▸ Try it:
Retype the whole listing exactly. Leave out pictures.

▸ Dataset excerpt:
- - - - - - -

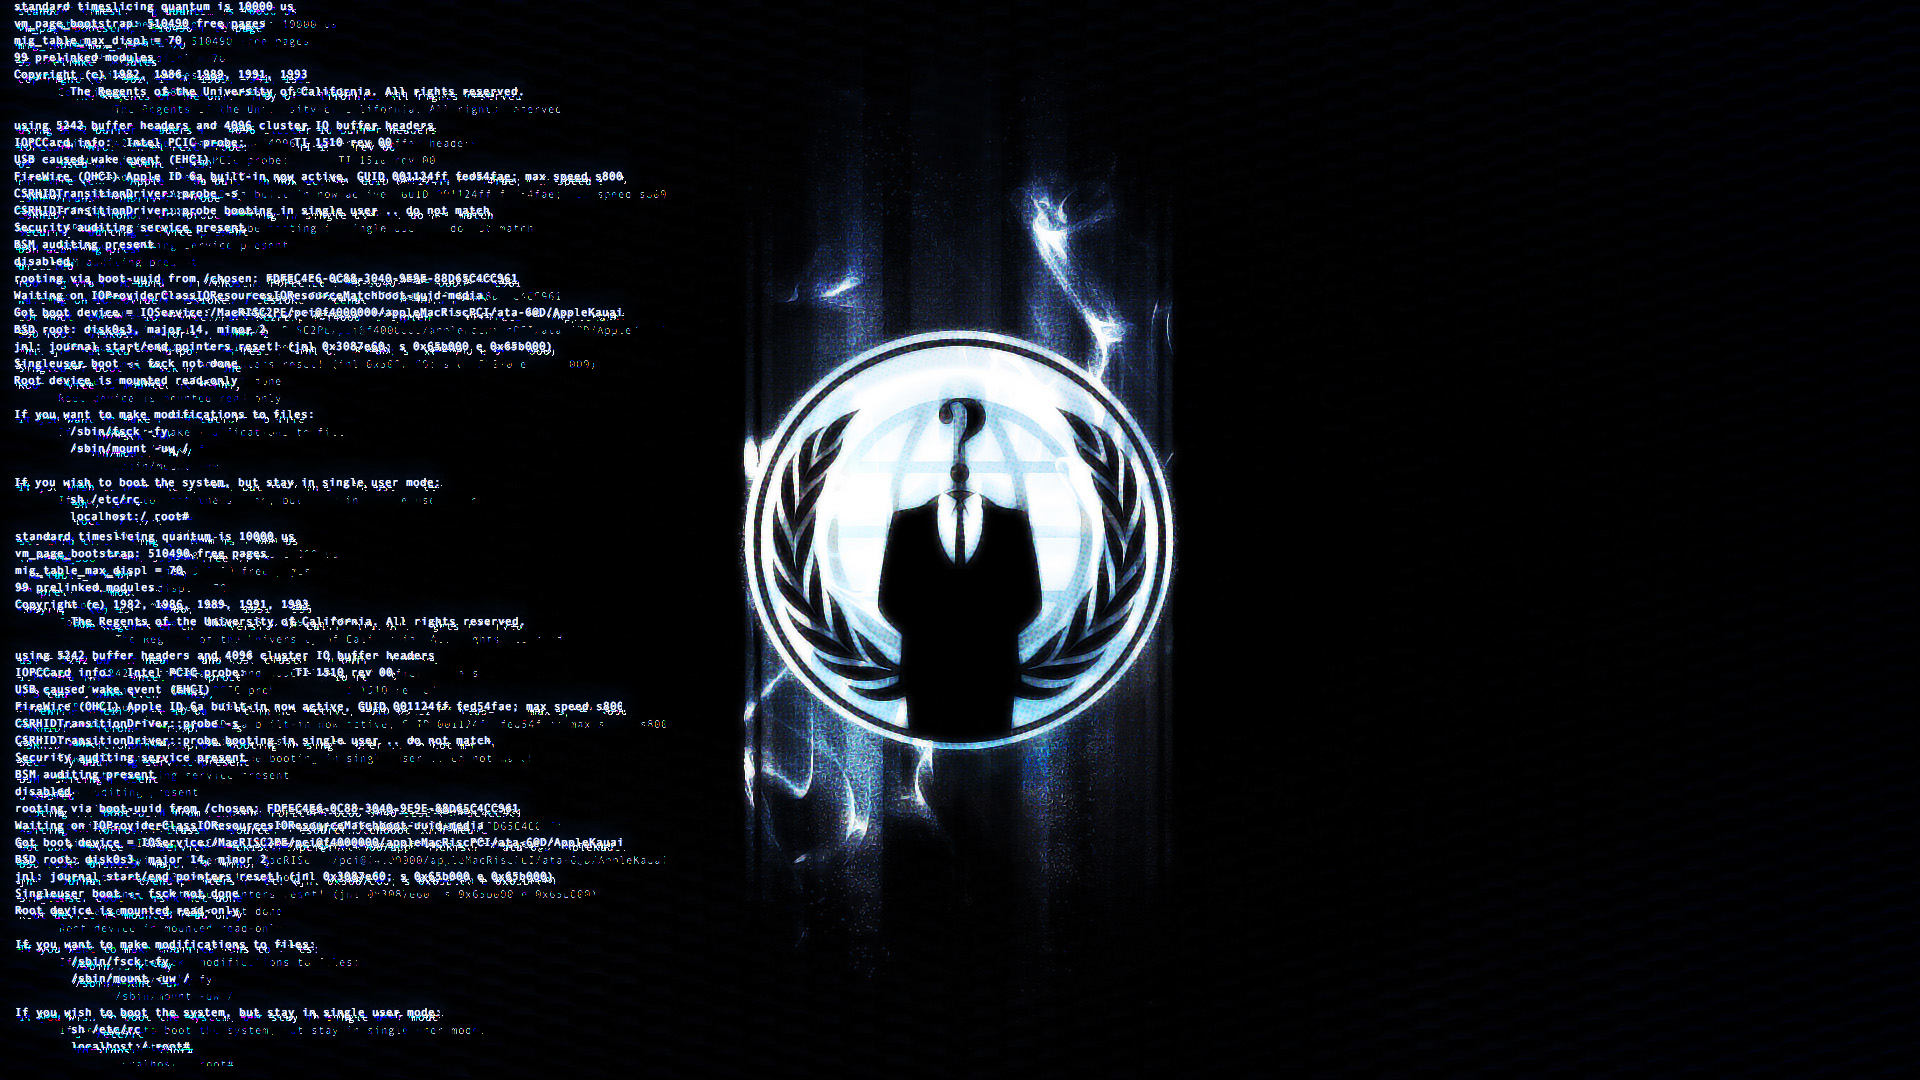 hacker wallpaper 1920x1080 - photo #8
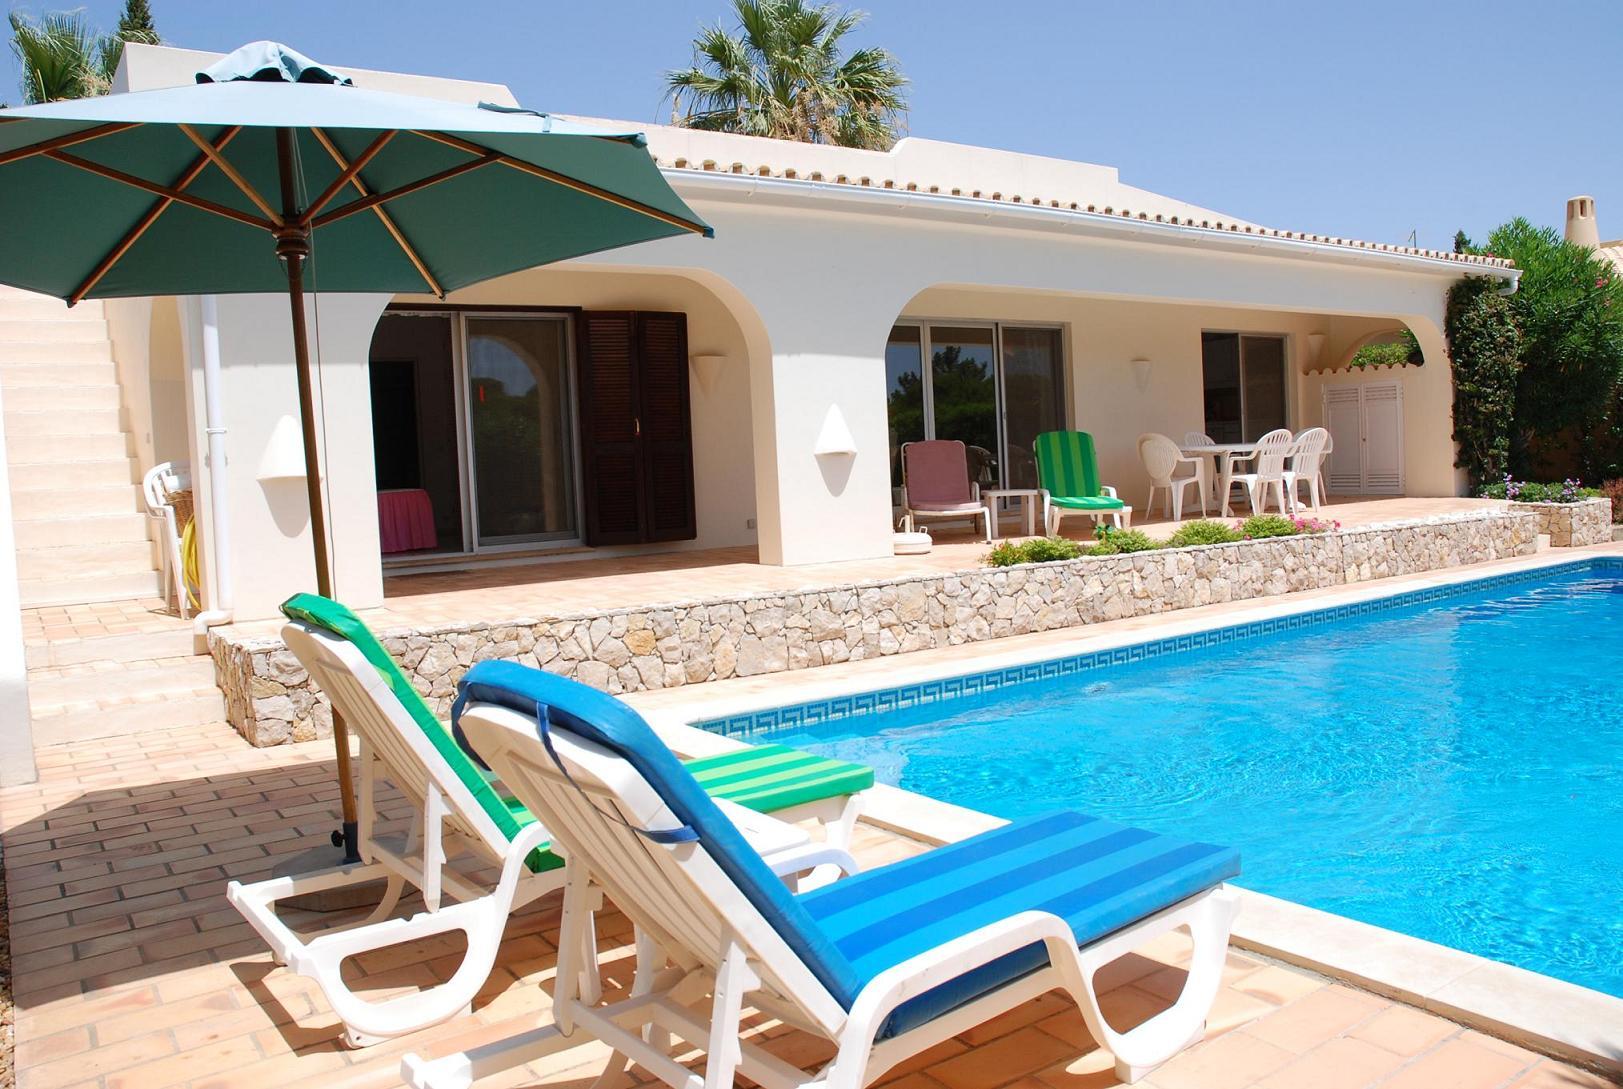 Algarve - Alojamento - Alojamento Self Catering - Casa Anna - ID 7058
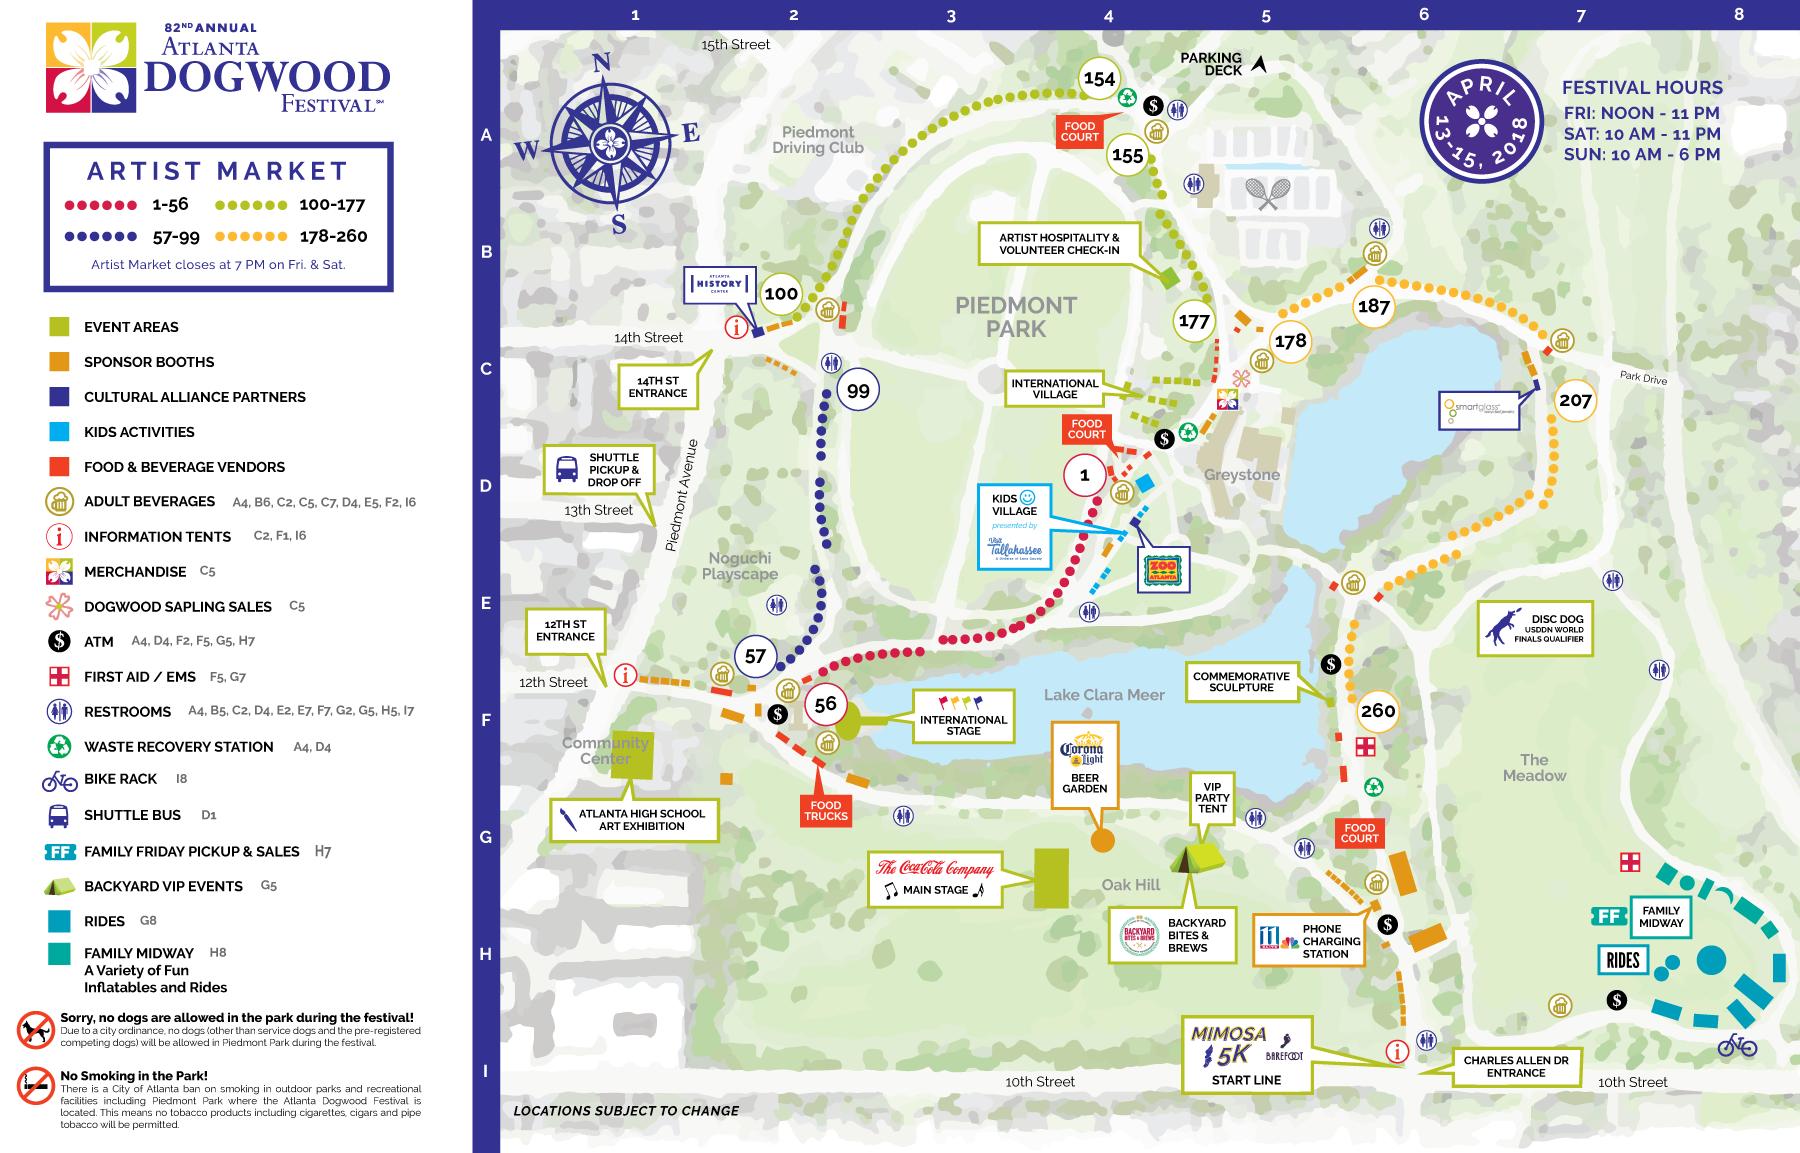 Atlanta Dogwood Festival Festival Map
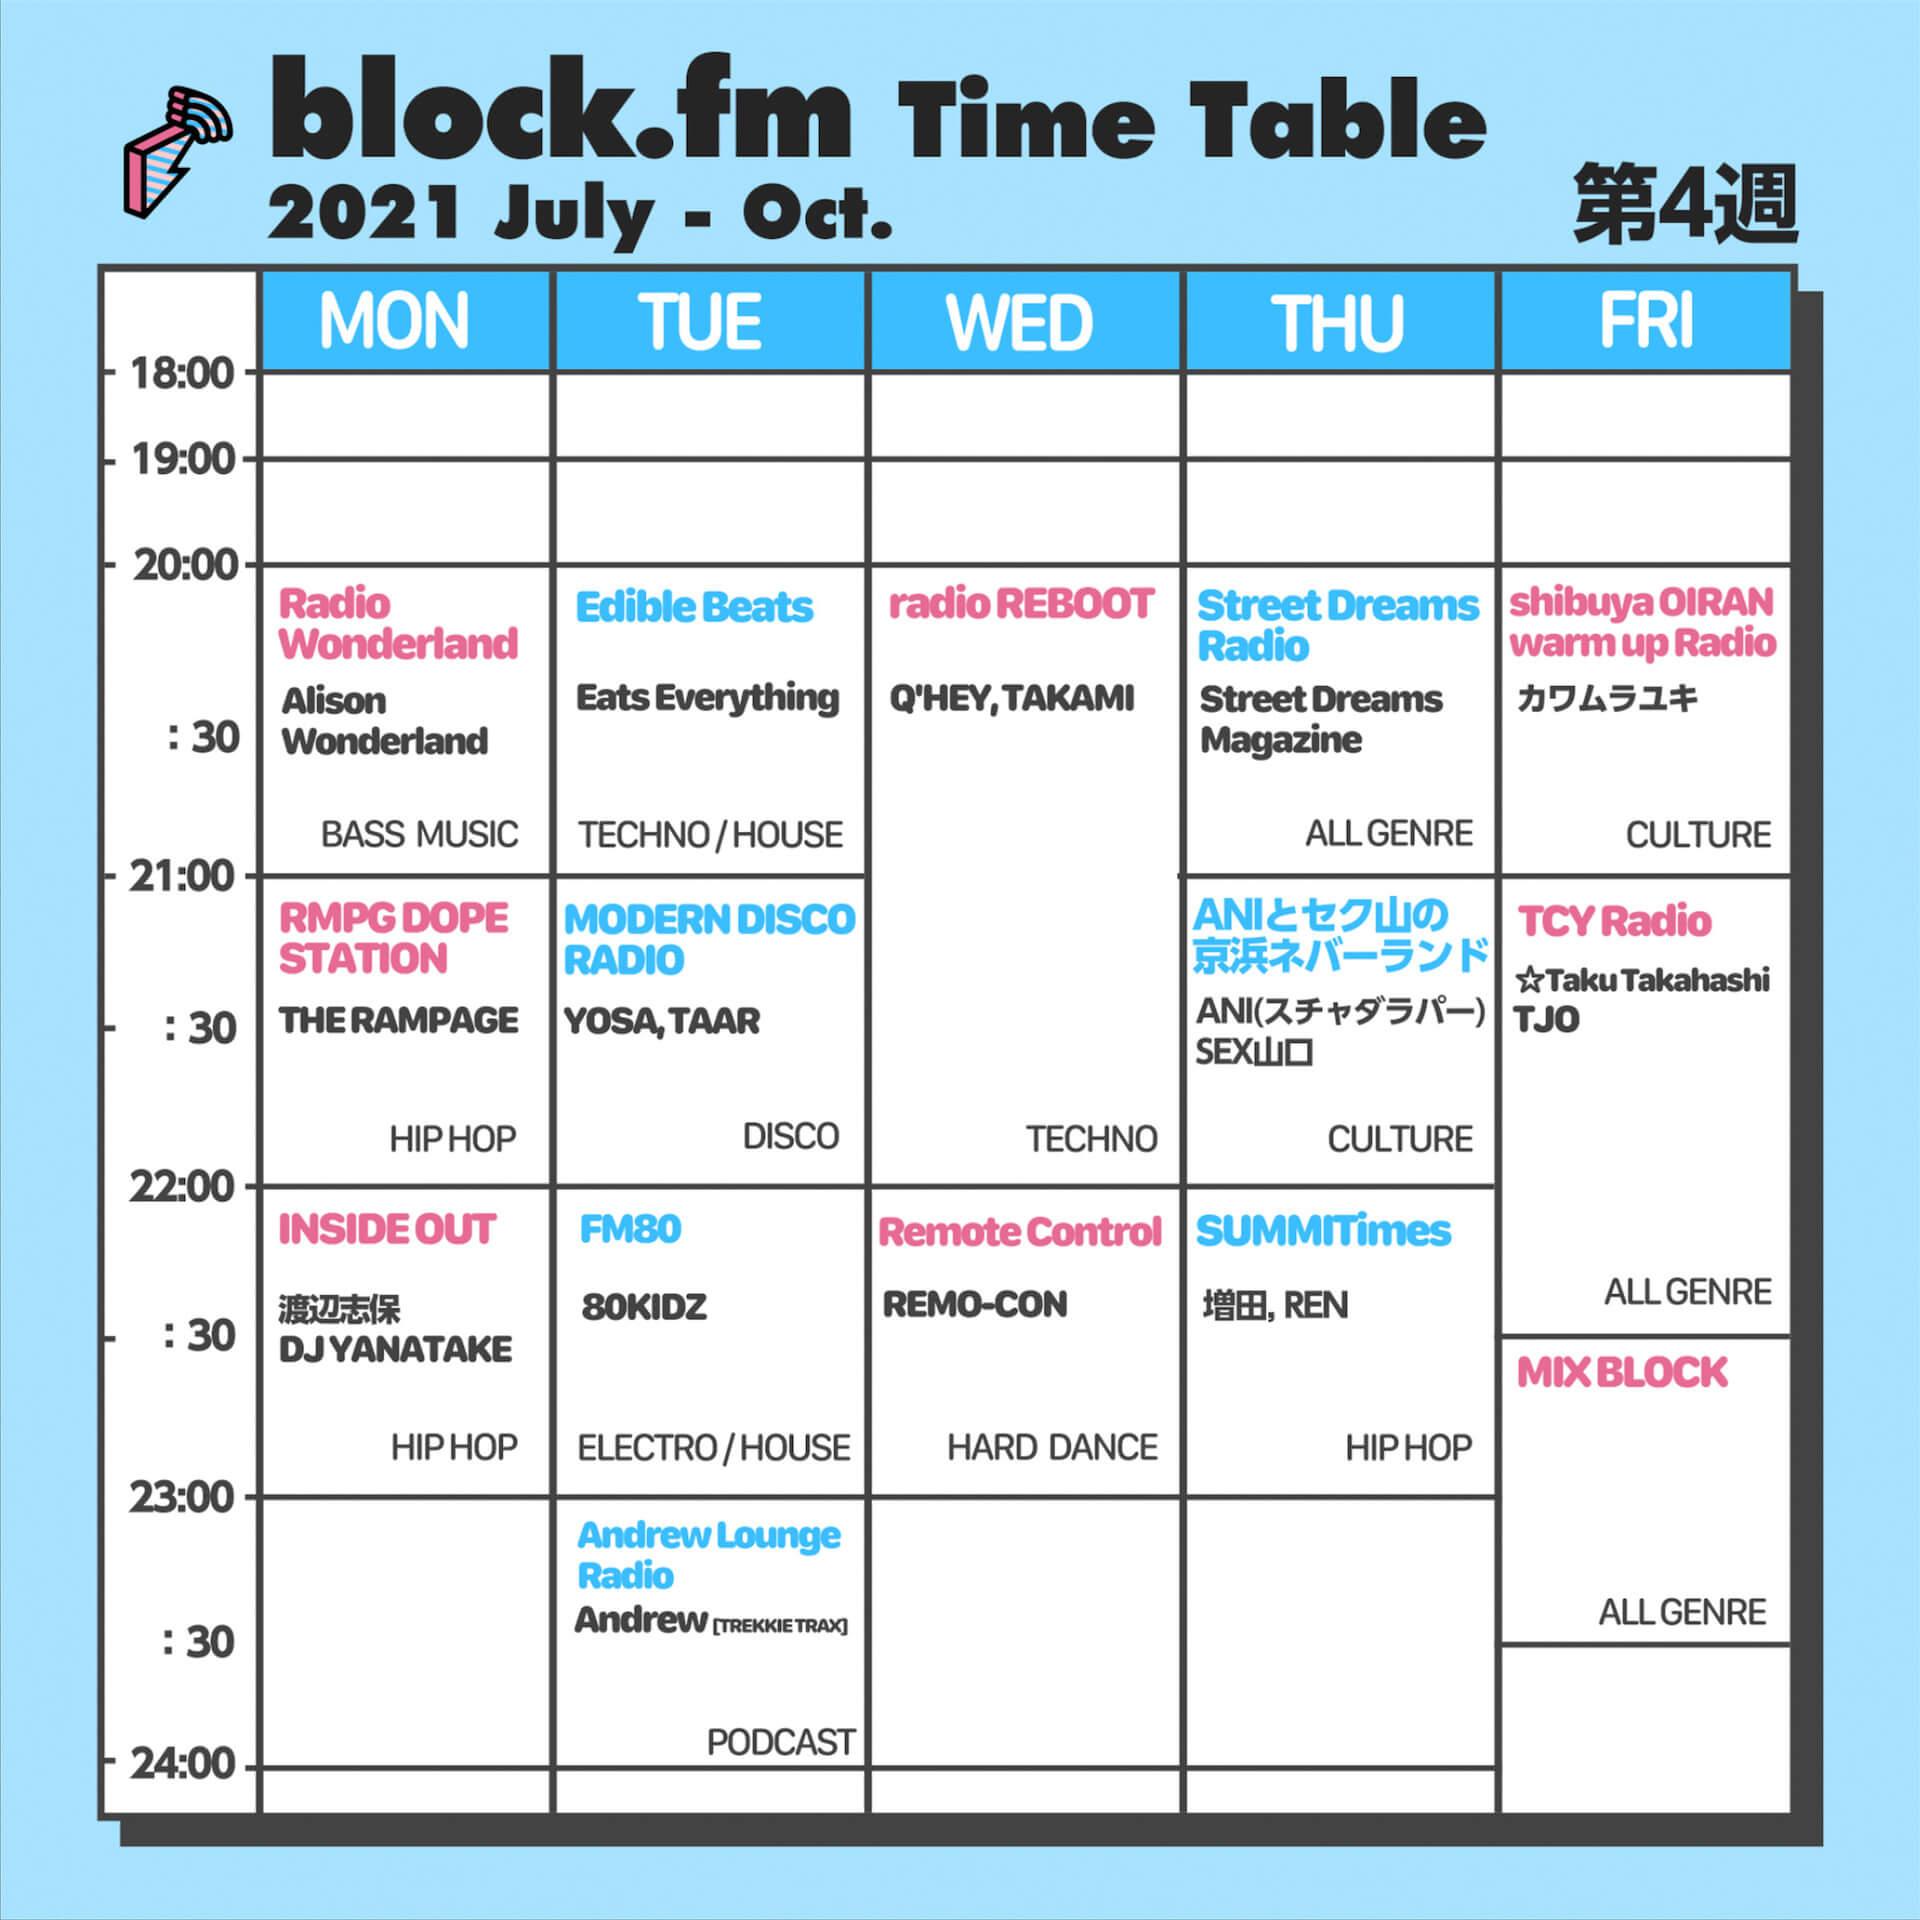 block.fmにて三原勇希のレギュラー番組『Time for Bed』が゙放送スタート!7月以降のラジオ放送スケジュールも公開 music_210702_Time-for-Bed8

- - - - - - -

▸ Answer below:
 hacker wallpaper 1920x1080 - photo #8
 Algarve - Alojamento - Alojamento Self Catering - Casa Anna - ID 7058
 Atlanta Dogwood Festival Festival Map
 block.fmにて三原勇希のレギュラー番組『Time for Bed』が゙放送スタート!7月以降のラジオ放送スケジュールも公開 music_210702_Time-for-Bed8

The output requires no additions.